Основными цветами этой местности были серый и зелёный. Серо-зелёный кустарник сменялся серо-зелёным гранитом, серые камни, сильно похожие на развалины древних домов, лежали на зелёной пока ещё траве, которая в свою очередь скрывала под собой либо тёмно-зелёно-серую почву либо (чаще всего) серо-зелёную трясину. Дорога, над которой они летели, была серая, каменная. Жак серьёзным голосом высказал предположение, что люди, которые здесь обитают, носят серое и зелёное, поэтому мы их и не видим. Здесь Аслан осознал, что за всё время путешествия они не встретили ни единой живой души.
— Здесь вообще живут люди? — спросил он будто бы в воздух.
— Живут, — сухо ответила Прелати из пассажирского отсека.
— Плохо живут? — спросил Питер. — Их мало?
— Да как сказать, — старуха пожала плечами. — Еды им хватает, леса здесь богатые. Пастбища, козы, овцы. Море, рыба. Но, как они говорят, у них не жизнь, а искупление.
— Искупление чего? — спросил Аслан.
— Греха.
— Ээээ… — сказал Питер. — Первородного греха?
— Что-то вроде. Они искупают грехи отцов, отцов их отцов и так далее. Им нельзя уходить с этого места, нельзя делать ничего нового, нельзя стремиться к процветанию. Надо искупать грех.
— А что они натворили, отцы их, их отцы и так далее? — спросил Жак.
— Вот бы узнать, — равнодушно ответила Прелати.
— Ладно грех, а почему их не видно-то? — Аслан вернул разговор в более конкретное русло. — Или им этого тоже нельзя?
— Ваши… «Фуксия» и «Сельдь», — сказала Прелати, — если вы не заметили, довольно шумные устройства. Их слышно издалека, даже в здешнем сыром воздухе.
8
Весь остаток дня после скоротечного разбора вчерашней битвы Геркулес просидел под арестом. Арест имел форму огороженной сосны с цепью и колодками на ногах, а стерегли его двое часовых.
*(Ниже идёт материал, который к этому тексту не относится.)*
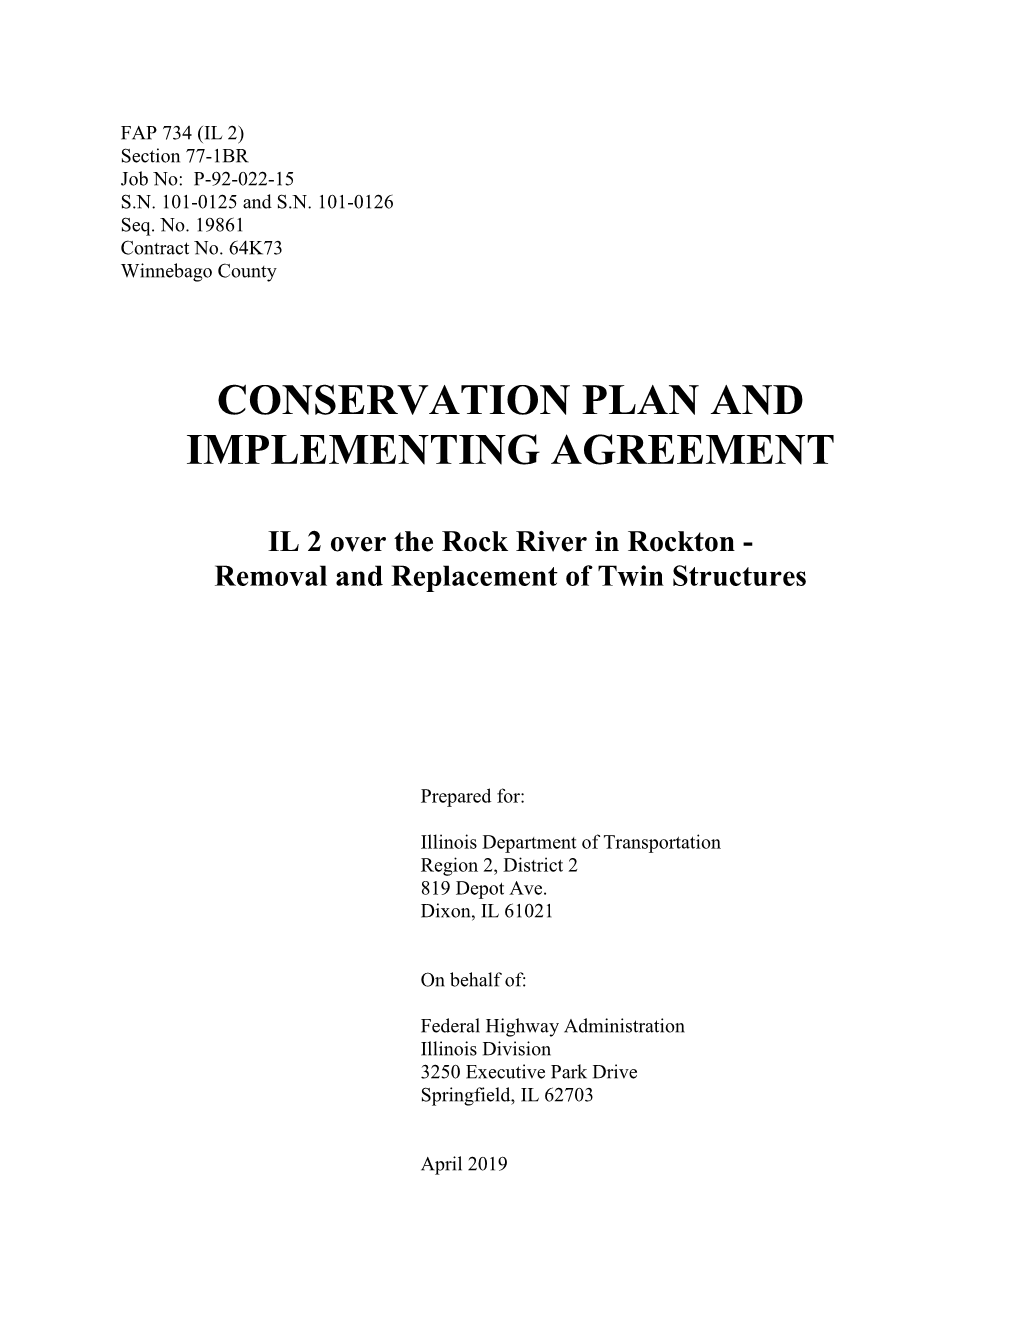 Conservation Plan and Implementing Agreement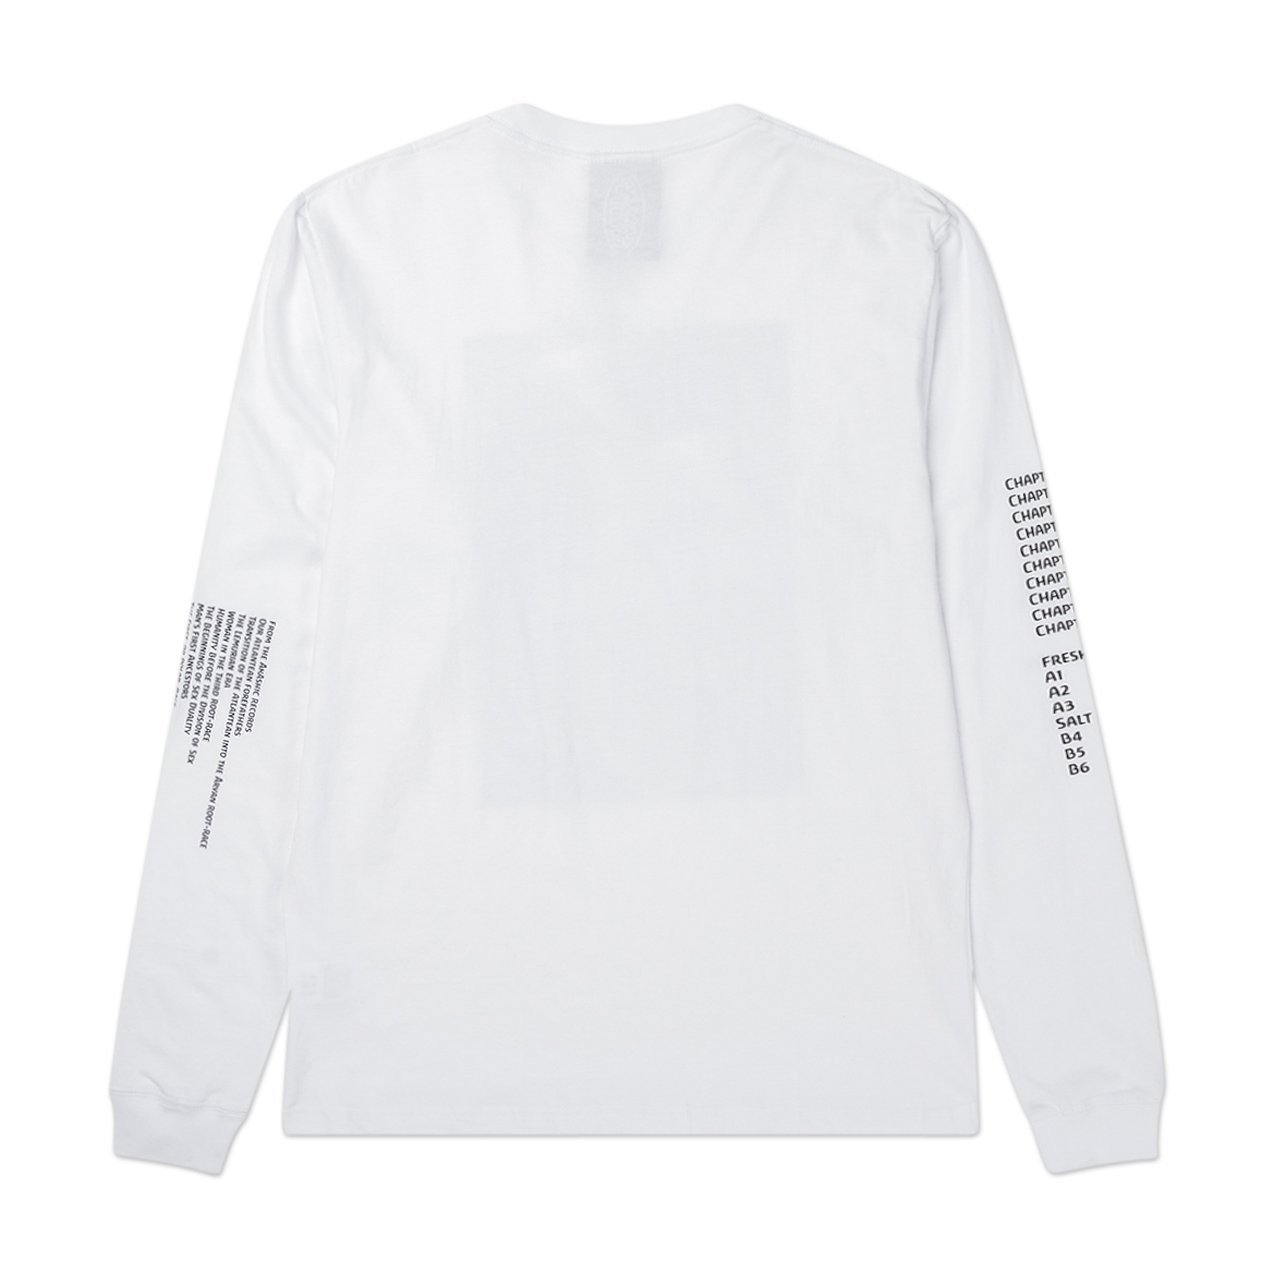 perks and mini ideas are real l/s tee (white) - 1346-b-ow - a.plus - Image - 2

После нескольких безуспешных попыток заговорить с ними Геркулес понял, что они сторожат не только его, но и следят друг за другом: один был из охраны Фуке, с шевроном Шестой ударной бригады, второй был из пищальеров Массю.
В конце дня подошёл майор Жюстен в сопровождении двух легионеров и зачитал Геркулесу приговор полевого трибунала: за введение в заблуждение командира, повлекшее потери и угрозу срыва операции, и с учётом предыдущих преступлений, старшего осужденного батдафа сводного Северного полка Иностранного Легиона Геркулеса Мюко приговорить к высшей мере наказания — расстрелу.
Геркулес пребывал в каком-то ступоре. Где-то в глубинах сознания тоненький голос вопил, что надо взывать к справедливости, к Фуке, к свидетелям (Улю и Силю), обличать Пека, Массю и, самое главное, Цейтлиха, — но снаружи был виден только оцепеневший от ужаса молодой шпак-штрафник, угодивший в переплёт по своей глупости и невезению.
Он очнулся лишь когда обнаружил, что его куда-то ведут. Вообразив, что это конец, он дёрнулся раз, два, получил стволом по шее и прикладами под ребра, а кто-то сказал насмешливо:
— Да не бойся. На допрос тебя ведём, на допрос.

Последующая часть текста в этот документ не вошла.